Buñuel’s least-well dubbed movie, filmed in Mexico and spoken in French. Diamond miners and soldiers are having a showdown when a mysterious stranger wanders into town, but instead of impressing everyone with his skills a la Yojimbo he’s an asshole to everyone – this is Shark (That is the Dawn‘s doctor Georges Marchal), who needs a place to stay so he shacks up with prostitute Simone Signoret, who is beloved of miner Castin (Clouzot regular Charles Vanel).

The miners-vs-soldiers war reaches a climax in a midnight firing squad which leads to a riot. Our heroes escape (with fake priest Michel Piccoli and a mute girl: Michèle Girardon of the earliest Rohmers), getting very lost in the jungle, walking in circles. They reach the promised land, finding a crashed plane full of food and jewels along the way, rescued and rich, but Castin goes mad, throwing his diamonds in the lake and murdering everyone.

Larsen:

Politically the movie may side with the miners, but once this crew forms and heads into the jungle, Buñuel is more interested in exploring the hypocrisies that exist in every human heart. And so the priest is a fraud, the prostitute is an opportunist, and the miner loses his mind … Death in the Garden concludes with a more subversive poetic image: two figures blithely paddling across a South American lake as if they were in a Venetian gondola, when in fact a literal and spiritual wilderness surrounds them.

Opens with no titles or credits or logos, just busts into a scene, is that right? Early dialogue with main guy Michel Piccoli at work was unexpected. “Isolation in a chamber in which one must wear a mask to survive strongly evokes the conditions under which modern man lives.
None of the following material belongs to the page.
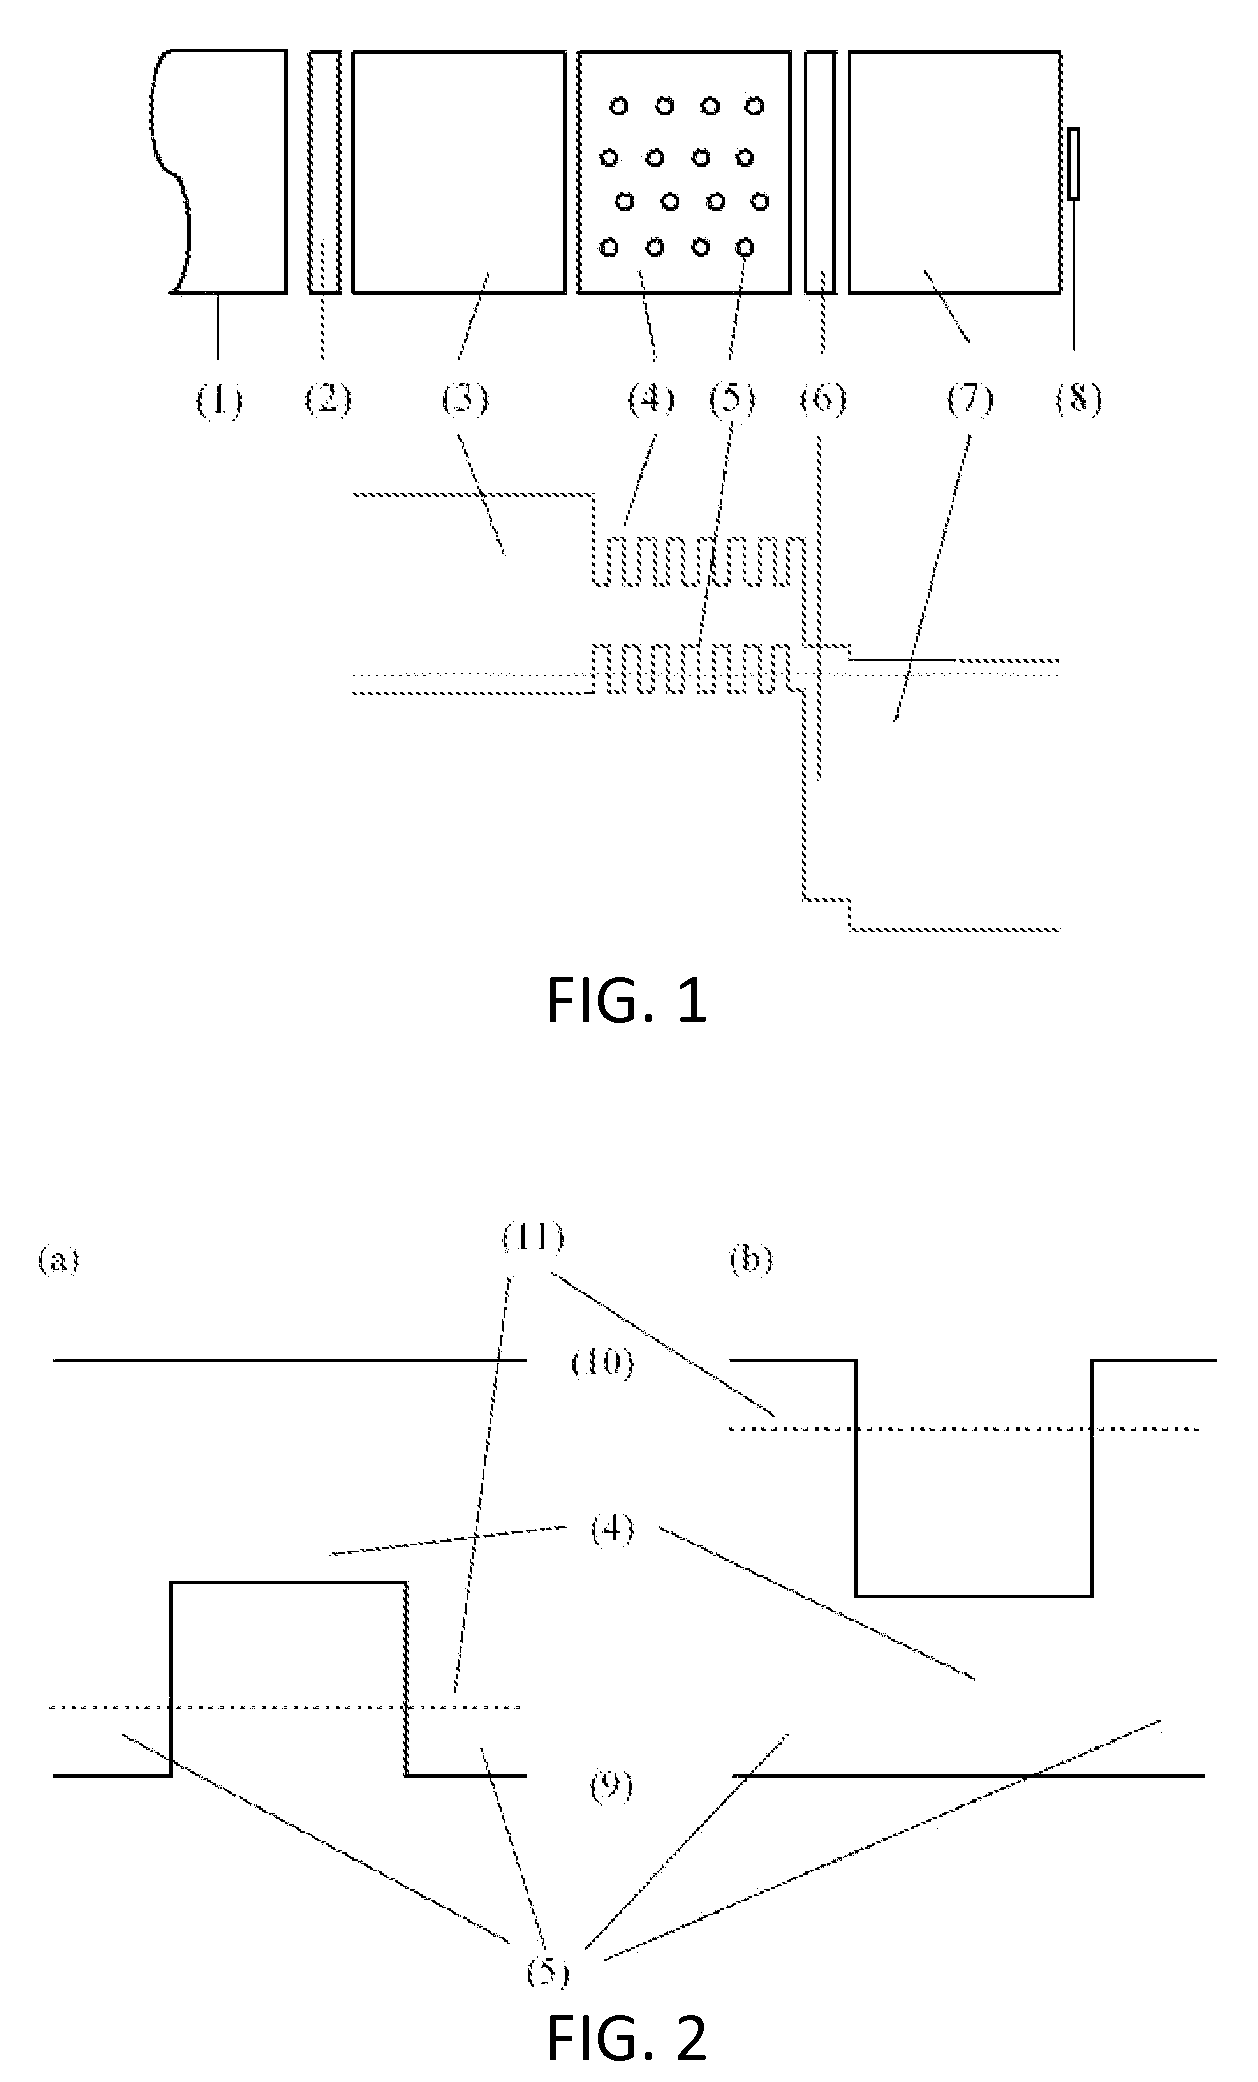 Method for manufacturing of optoelectronic devices based on thin-film, intermediate-band materials description

Doesn’t knowing that one must wear a mask create a sense of anxiety?” The poor dubbing was sadly expected, though when Piccoli turns on the TV news and that is also badly dubbed, it gives the impression that people in Italy just speak out of sync with their own mouths.
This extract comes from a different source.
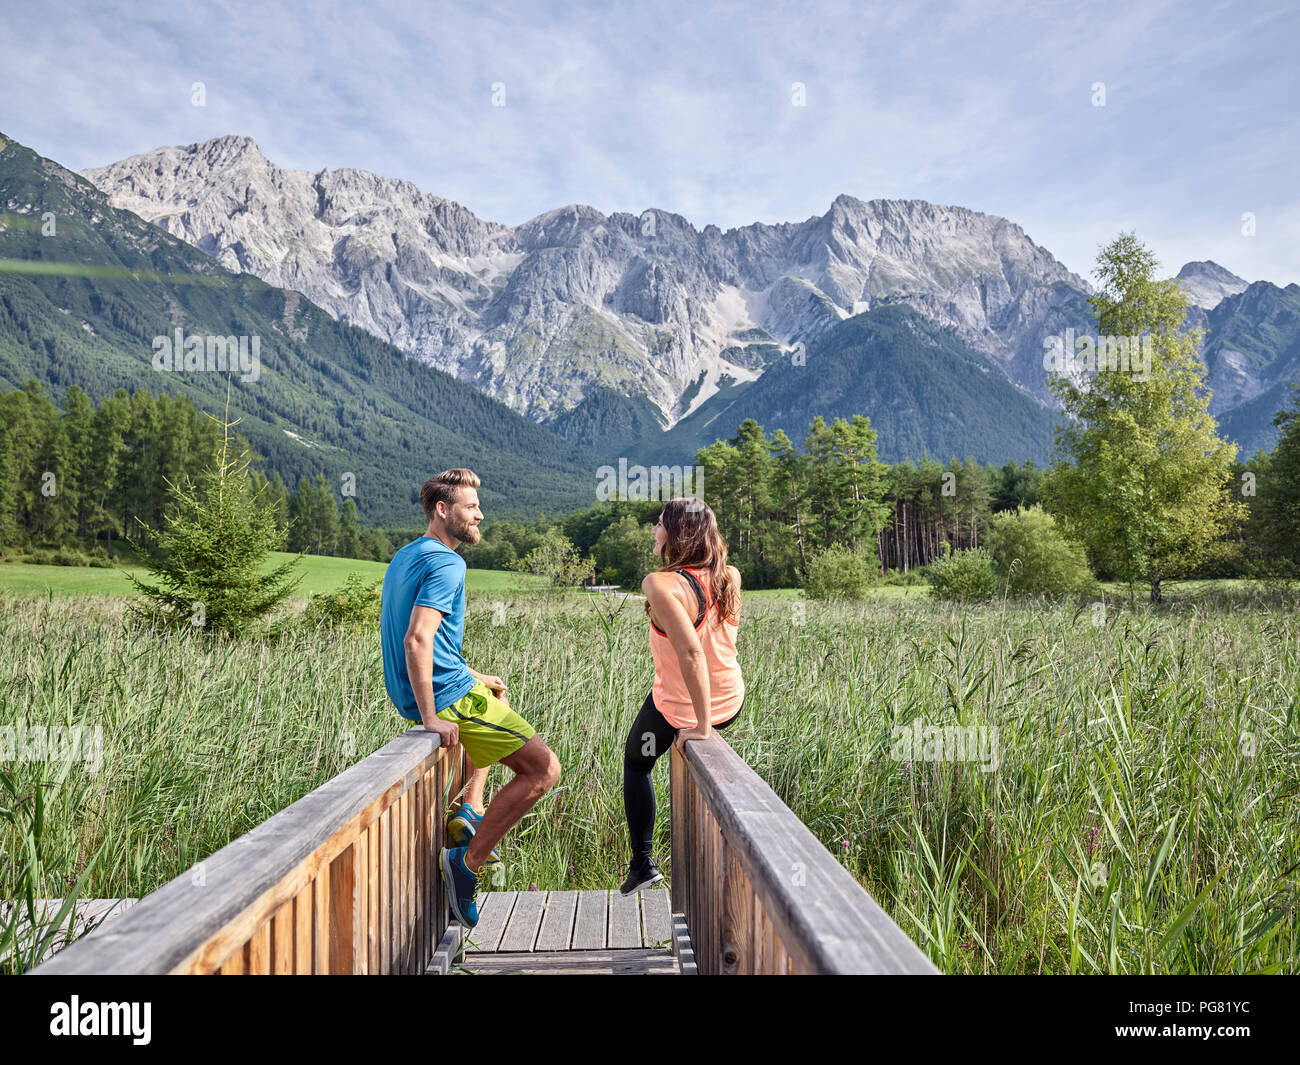 Austria, Tyrol, Mieming, couple resting on a boardwalk in the mountains Stock Photo

Piccoli putters around his house listening to records, making a late night meal while his wife sleeps, when he finds a pistol in his pantry, wrapped in a 1930’s Chicago newspaper with a John Dillinger headline. He takes great pleasure in restoring the gun with oil while watching home movies (then he restores the maid with oil, if you know what I mean). Mostly he putters alone, a Secret Honor fever dream of a movie. After annoying both women, he paints the gun, returns to the pantry to find some ancient ammunition, then shoots his wife to death.

What a nice kitchen, though:

It’s not made very compellingly or convincingly, but valuable as one of those “a movie can be about anything” movies, and there’s some groovy music. I did like the Ruizian ending, where Piccoli swims out to a ship and gets hired to replace their late cook. Anita Pallenberg of Performance is the wife, and maid Sabina is Annie Girardot, who’d play the mother in The Piano Teacher 30+ years later.
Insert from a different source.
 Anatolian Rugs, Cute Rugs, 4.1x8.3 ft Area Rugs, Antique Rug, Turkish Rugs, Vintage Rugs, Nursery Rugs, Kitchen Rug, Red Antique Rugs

Dillinger’s dames: Pallenberg top, Girardot bottom

Starts and ends with a labor strike, but I guess 1982 was too little/late for Demy to be considered political enough to hang with the New Wave gang again. This is a tragedy version of The Young Girls of Rochefort: all-singing, love and coincidence following multiple characters through 1955 Nantes, ending in suicide and disaster.

Our doomed lovers are Edith (Dominique Sanda, also suicidal in Bresson’s Une femme douce) and Francois (Richard Berry, now a writer/director). She’s dabbling in prostitution to get away from her loveless marriage, walking the streets in only a fur coat.

Edith’s mom (Danielle Darrieux, the mom in Rochefort) is Francois’s landlady, though they won’t discover this until late. Edith’s impotent husband is a redbearded Michel Piccoli. In 1967 Danielle Darrieux’s character was dating Piccoli, and now 15 years later he’s married to her daughter. Danielle is ex-aristocracy, politically opposed to her “anarchist” tenant, dealing with loneliness after the recent death of her husband and a seldom-visiting petulant daughter who claims to be in eternal love with the man she met the night before.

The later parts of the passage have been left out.